To survive, maybe even find a way to thrive, I dedicated my college years to making the University a more welcoming place for queer students. It felt righteous then, though now I see how it was also selfish. I needed to make room for me.
As I recapped in the paper’s intro:
It is impossible to introduce this project without talking about my own development at the University of Virginia. Coming to the school as a first-year, I worried how I, a queer identified woman, would fit into the University created by and for “Virginia Gentlemen.” Here was a school that I perceived to be the bastion of all things Southern and conservative (as if there were a distinction). I knew that the University had only become co-educational in the last thirty years and only integrated a few years before that. I couldn’t imagine how lesbian, gay, bisexual and transgender (LGBT) people might fare in this climate now, let alone in years past.

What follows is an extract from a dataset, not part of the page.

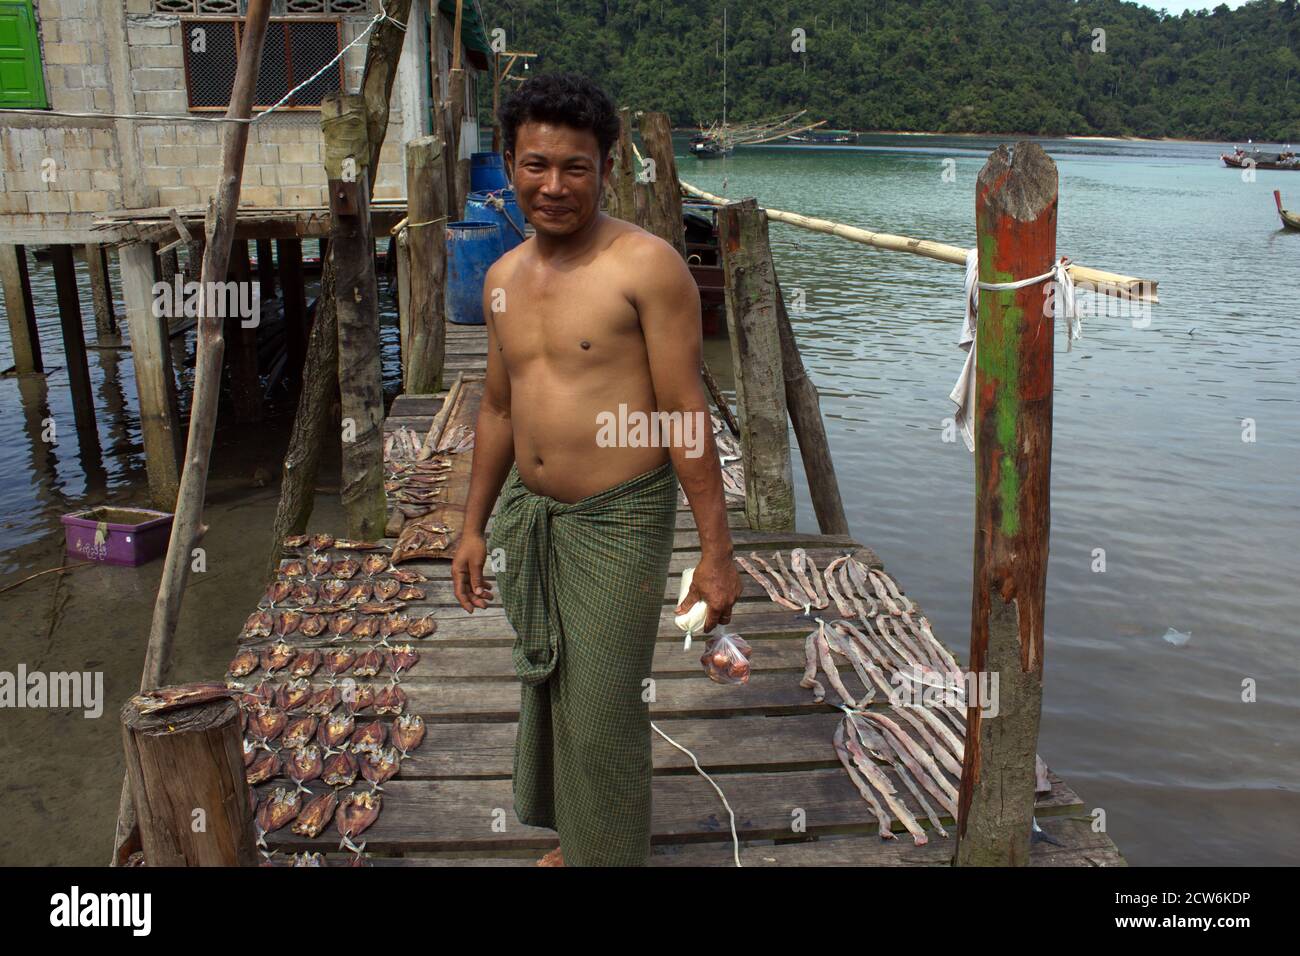 https://c8.alamy.com/comp/2CW6KDP/smiling-man-bare-chested-in-sarong-on-jetty-with-drying-fish-at-jalan-fishing-village-on-jalan-island-mergui-archipelago-myanmar-2CW6KDP.jpg

This thesis is just one manifestation of a larger project that began in 1998, when as an officer of the Lesbian, Gay, Bisexual and Transgender Union (LGBTU), I stumbled upon some boxes of archives from the organization’s predecessor the Gay Student Union (GSU)….On a grand scale, the documentation project attempts to trace the development of LGBT people at the University by collecting not just physical archival material (photographs, newspapers, notes) but also stories and oral histories in order to create a repository of memory.
Hello, former self! Is reading one’s college thesis the long-form equivalent of thumbing through an old yearbook? My sentences are full of adolescent blemishes. But also, there’s so much heart and good intentions. The paper remains, by far, my longest piece of writing—17k words! And it is awash with earnest 22-year-old assertions:
The term community is a complicated and contested term referring to a given set of understandings and assumptions about the associations of a given set of people. Rather than attempting to define a singular “community” within the University, this project focuses on the intersections between University institution and the emergence of self-identified gay and lesbian students.
Off to wince through the rest of the 60+ pages.